A few hours ago a broad coalition of 400 artists and music groups, including the RIAA, Music Publishers Association and A2IM submitted their response. The 70-page brief provides a comprehensive overview of what the music industry sees as the DMCA shortcomings while calling for significant reform.

“The Music Community’s list of frustrations with the DMCA is long,” the groups write, adding that “a law that might have made sense in 1998 is now not only obsolete but actually harmful.”

The music industry’s comments focus heavily on search engines, Google in particular. In recent years music companies have sent hundreds of millions of takedown notices to Google, but despite these efforts, copyright infringing material is still topping many search results.

“The notice-and-takedown system has proved an ineffective tool for the volume of unauthorized digital music available, something akin to bailing out an ocean with a teaspoon,” they write.

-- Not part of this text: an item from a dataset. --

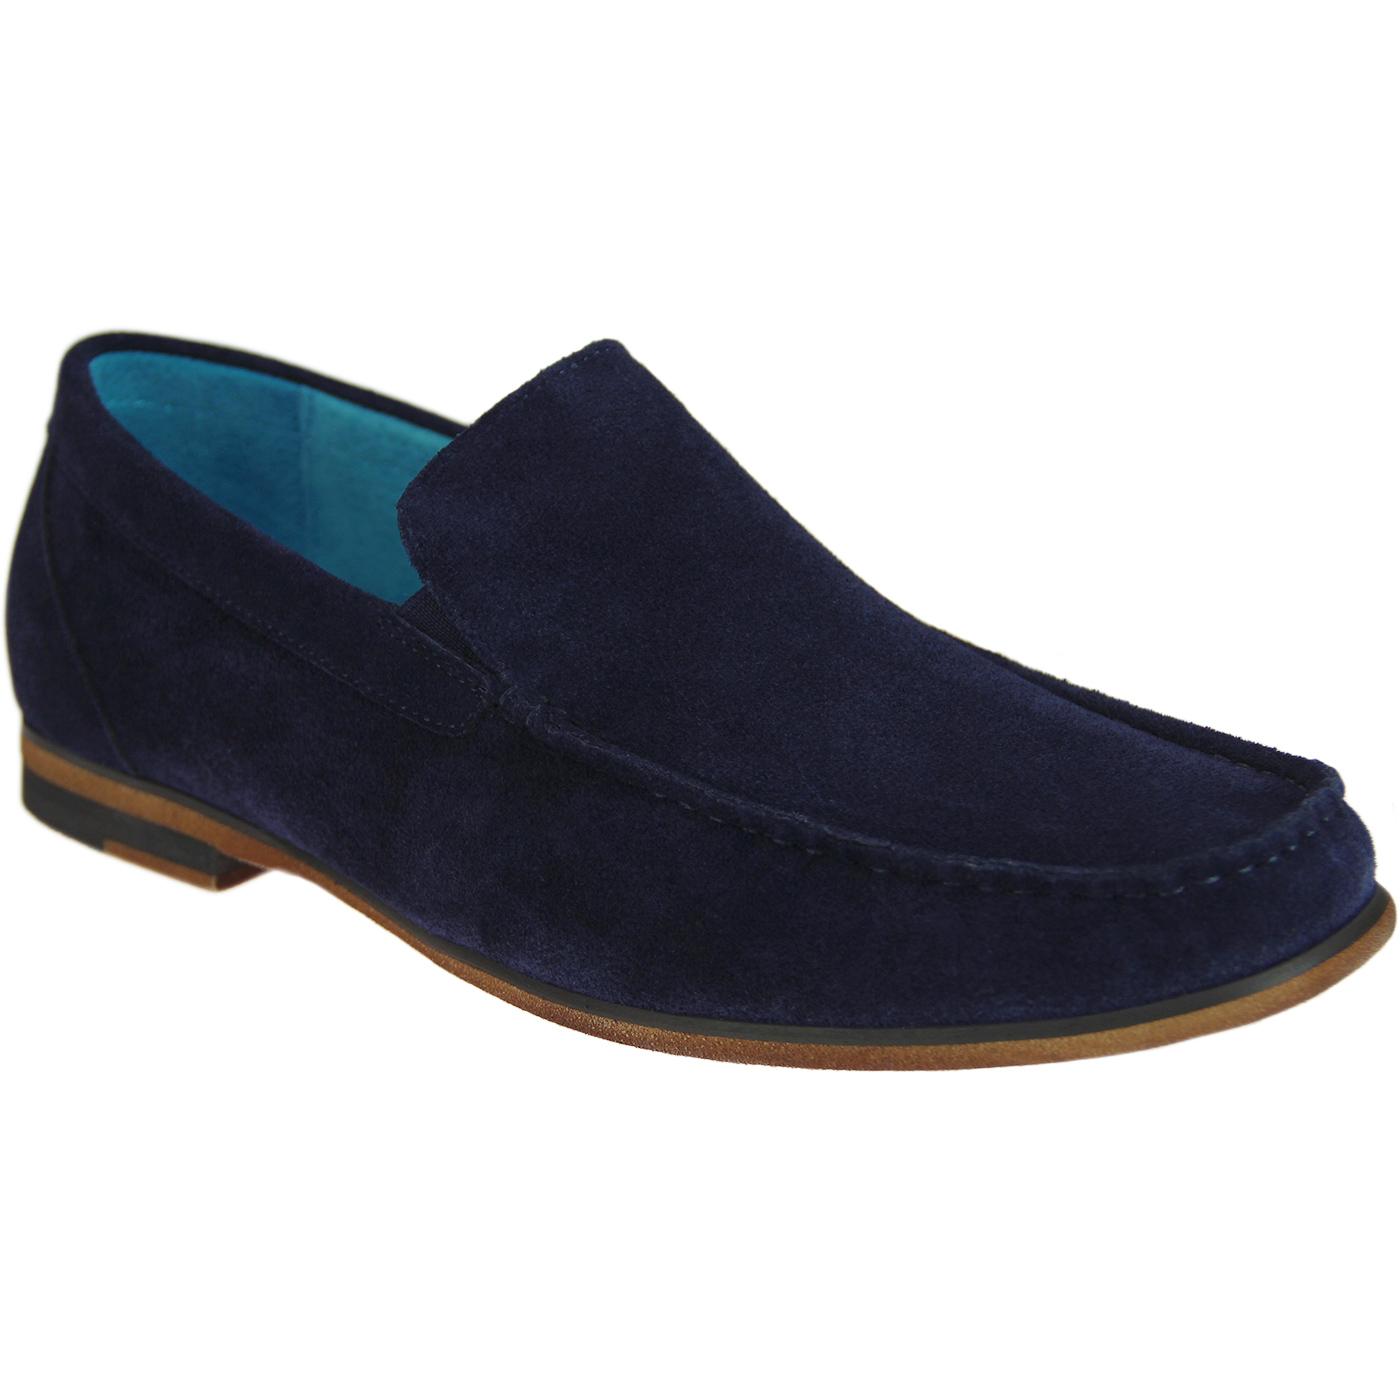 PAOLO VANDINI Alec Retro Mod Slip On Suede Loafers in Navy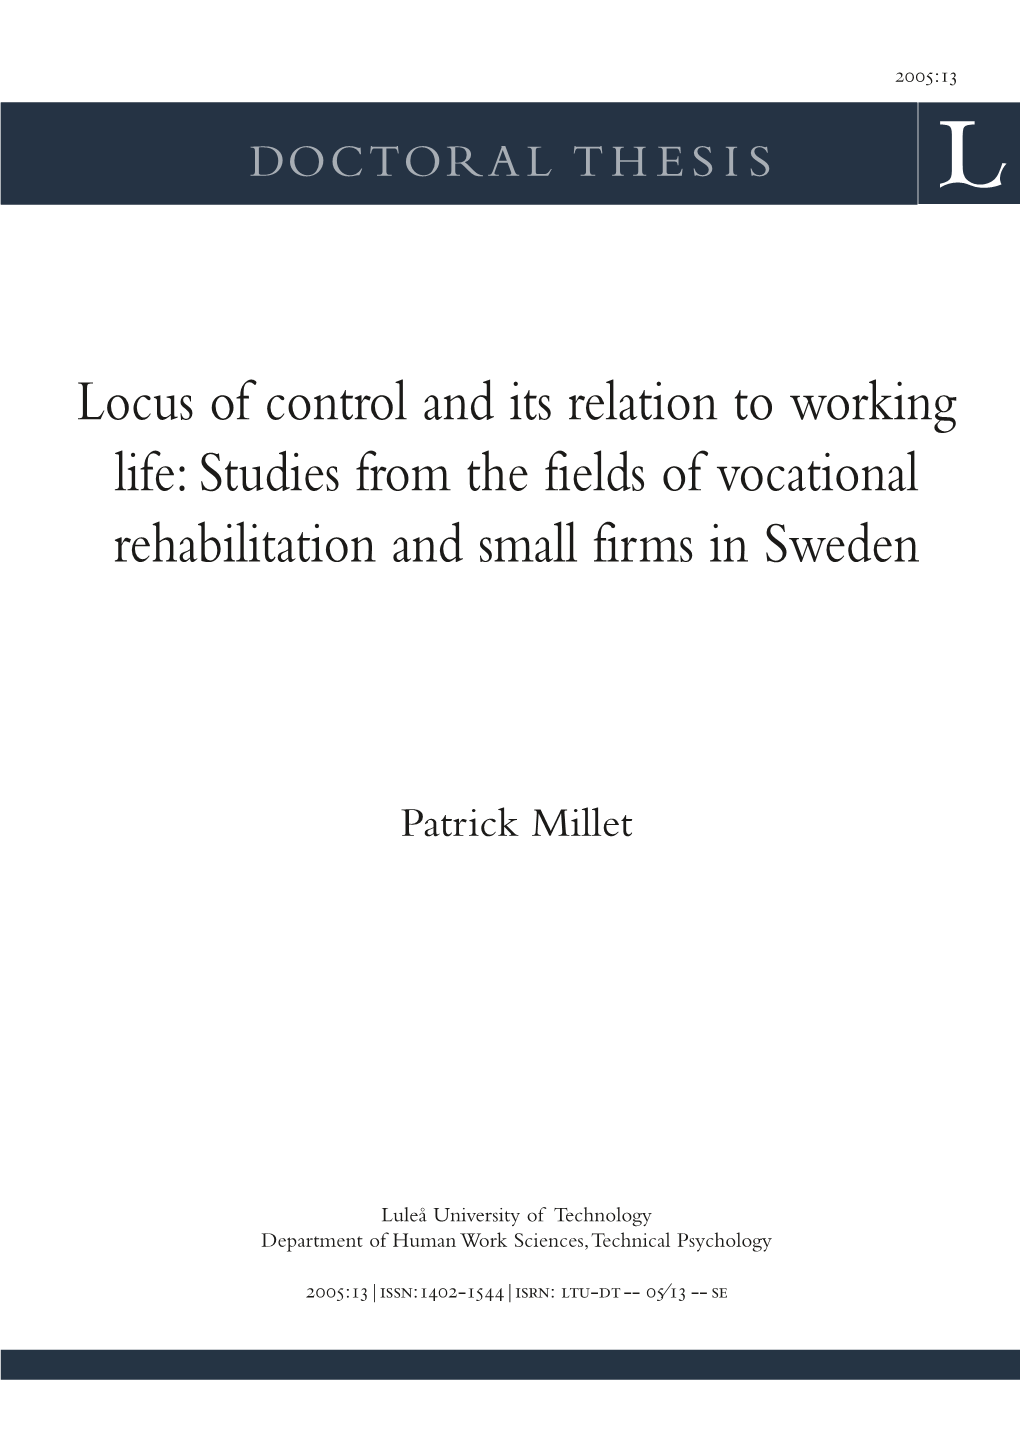 Locus of Control and Its Relation to Working Life: Studies from the Fields of Vocational Rehabilitation and Small Firms in Sweden

“Copyright owners should not be required to engage in the endless game of sending repeat takedown notices to protect their works, simply because another or the
same infringement of the initially noticed work appears at a marginally different URL than the first time.”

The music groups are calling for advanced technologies and processes to ensure that infringing content doesn’t reappear elsewhere once it’s removed, a so-called “notice and stay down” approach.

This includes audio fingerprinting technologies, hash-matching technologies, meta-data correlations and the removal of links that point to content which has been taken down already.

“The current standard of ‘URL by URL’ takedown does not make sense in a world where there is an infinite supply of URLs,” the groups add.

Another problem with the DMCA, according to the music companies, is that the safe harbor provision also protects sites that are clearly profiting from copyright infringement.

Describing it as a “get out of jail free” card for many dubious sites, RIAA and the others demand change.

“At its worst, the DMCA safe harbors have become a business plan for profiting off of stolen content; at best, the system is a de facto government subsidy enriching some digital services at the expense of creators. This almost 20 year-old, 20th Century law should be updated,” they write.

The music industry groups note that these and other issues have turned the DMCA law into a “dysfunctional relic,” and are calling on Congress to take action and come up with a copyright law that better protects their interests.

The anti-DMCA comments submitted to the U.S. Government are the strongest we’ve seen thus far, but more responses are expected to be published after the deadline passes today.